The -ink token swap across the colour helpers (about 28 screens), one global :focus-visible rule (no keyboard focus renders anywhere today, this fixes about 20 screens at once), and stripping the hard-coded desalination data from the AI paths. Mostly mechanical, low risk.

P0 · NOW

The DomainPreset registry

The industry-neutrality root from the section above. More invasive, but it is the single change that makes the product genuinely sector-agnostic.

Remaining accessibility and trust

Pair colour-only state with an icon or label plus ARIA, accessible names on form controls, recompute a risk's derived score in the same action that edits it, make the graph, tree and Gantt operable by assistive tech, the scroll pattern on clipping tables, missing empty states, and fix the open-issues count.

Polish

Migrate the hard-pixel font sizes to the rem scale for proper 200% zoom, and remove the eyebrow labels and the graph-legend glass effect. The visual tells that read as machine-made.

How we ran it

A deterministic, verifiable operation, not a long manual read. Seventy-six agents across the run, every claim checked by a different agent than the one that made it.

METHOD / 01

One agent per screen

Each of the 64 screens got a dedicated reviewer scoring all seven lenses against the spec and a senior craft bar, returning structured findings with exact file and line locations.

METHOD / 02

Adversarial verify, every finding

A second skeptical agent re-opened the real file for every finding, P0 through P3, and tried to refute each one. 18 of 346 were discarded as false positive or already-handled; the remaining 328 are confirmed against the code.

METHOD / 03

Coupling traced in parallel

A dedicated analysis read the intake, generator, intelligence and seed layers to map exactly where the app is hard-wired to a sector, and how to neutralise each point.

METHOD / 04

Deterministic synthesis

Scores, counts and the systemic patterns were aggregated in code, not guessed, then a high-effort lead reviewer wrote the cross-screen verdict and the remediation order.

One honest flag

An engineering OS should tell you the truth, so here is the one caveat about this report itself.

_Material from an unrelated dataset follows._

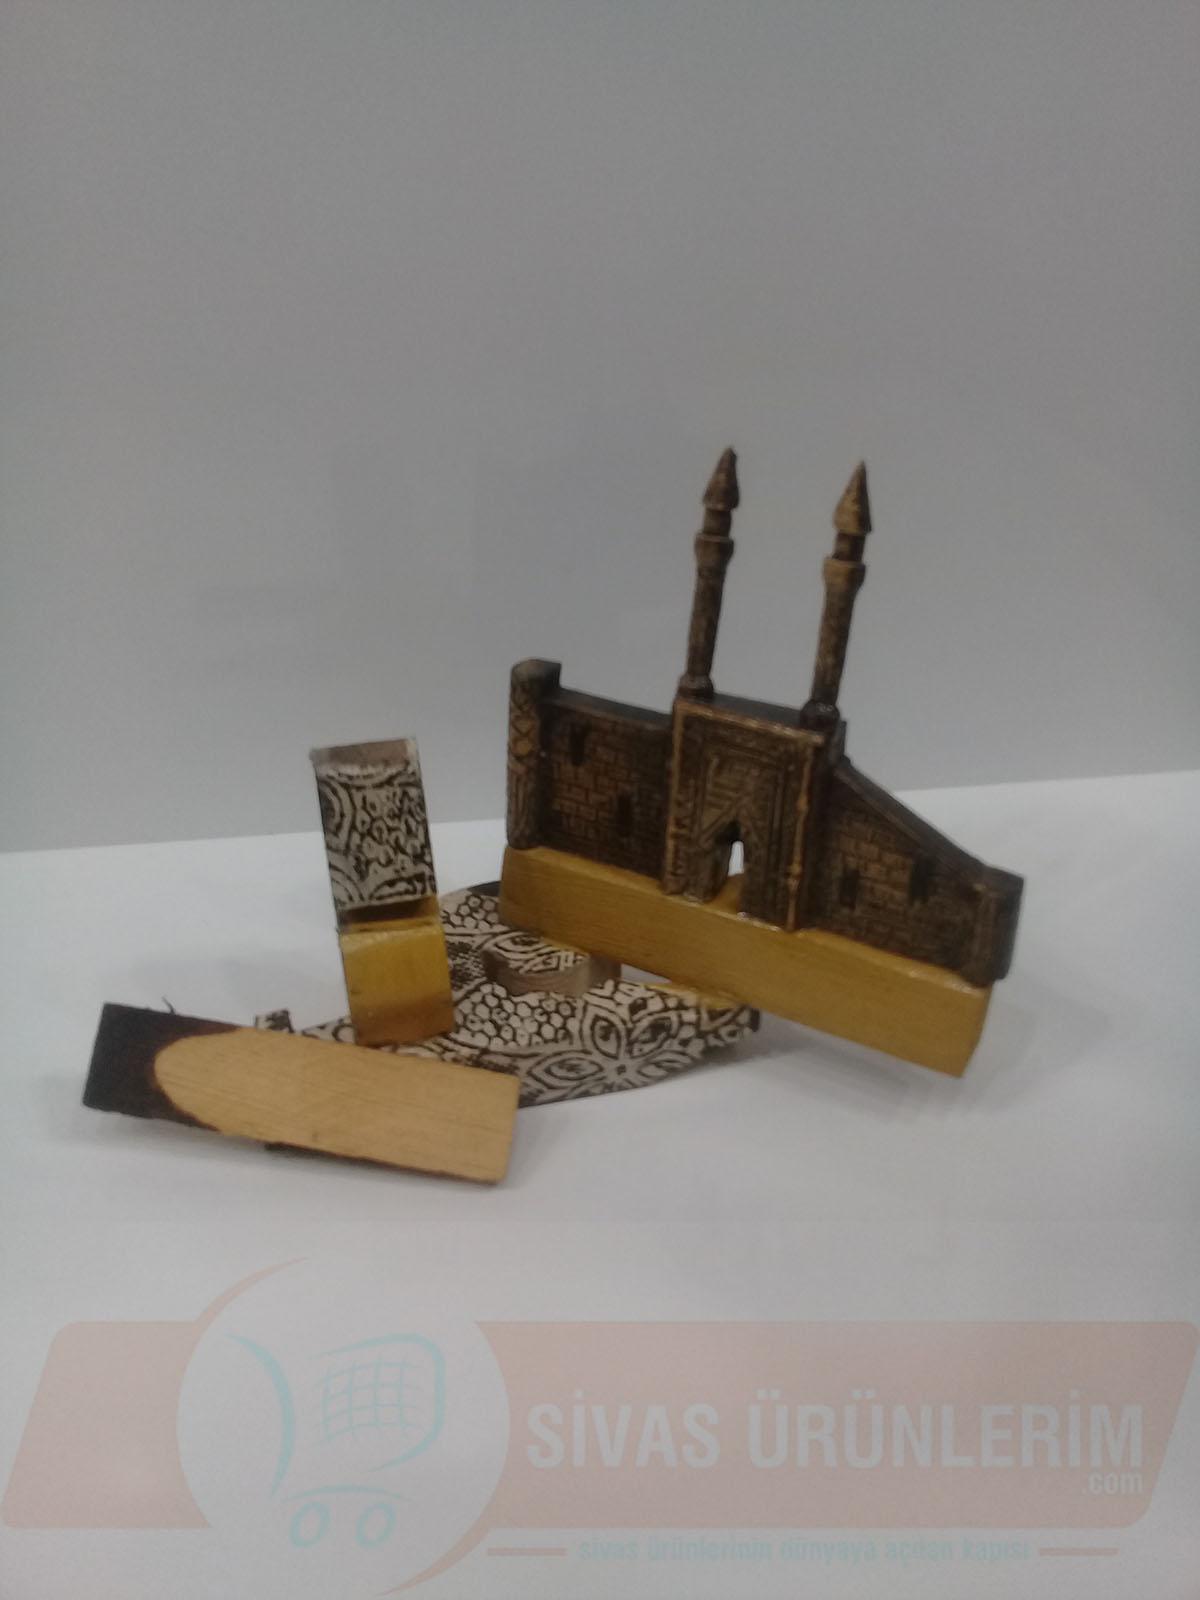 Küçük Çifte Minareli İsimlikli Kalemlik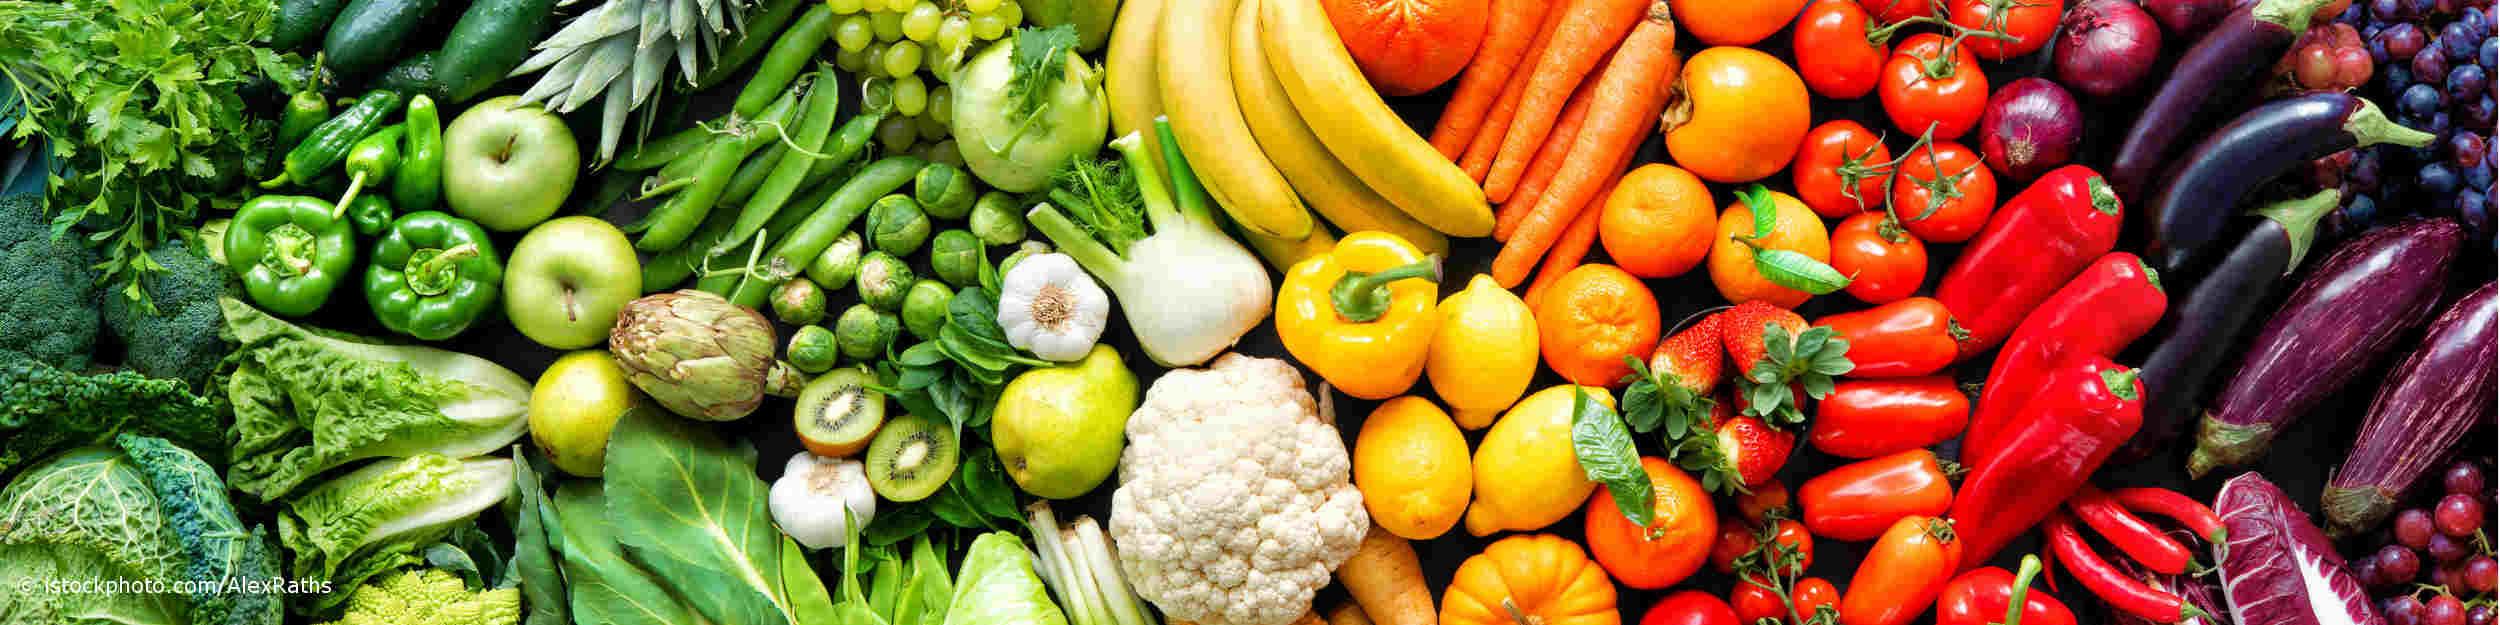 Frisches Obst und Gemüse enthält sekundäre Pflanzenstoffe.

▲ This is a source-level audit, not a runtime pass

Every finding, all 346, was verified against the actual code, so nothing here is directional. The one honest caveat is the method itself: this is a static read of the source, not a runtime test. Contrast figures like ~1.9-2.5:1 are computed from the design-token values, not measured live in a browser, and the keyboard and screen-reader findings are read from the markup rather than driven through assistive tech. The next rung, if you want measured proof, is a Playwright and axe pass on the live build with real per-theme contrast and a keyboard walk of the graph, tree and timeline. The complete per-screen record, every finding with its location, impact and fix, is saved alongside this report.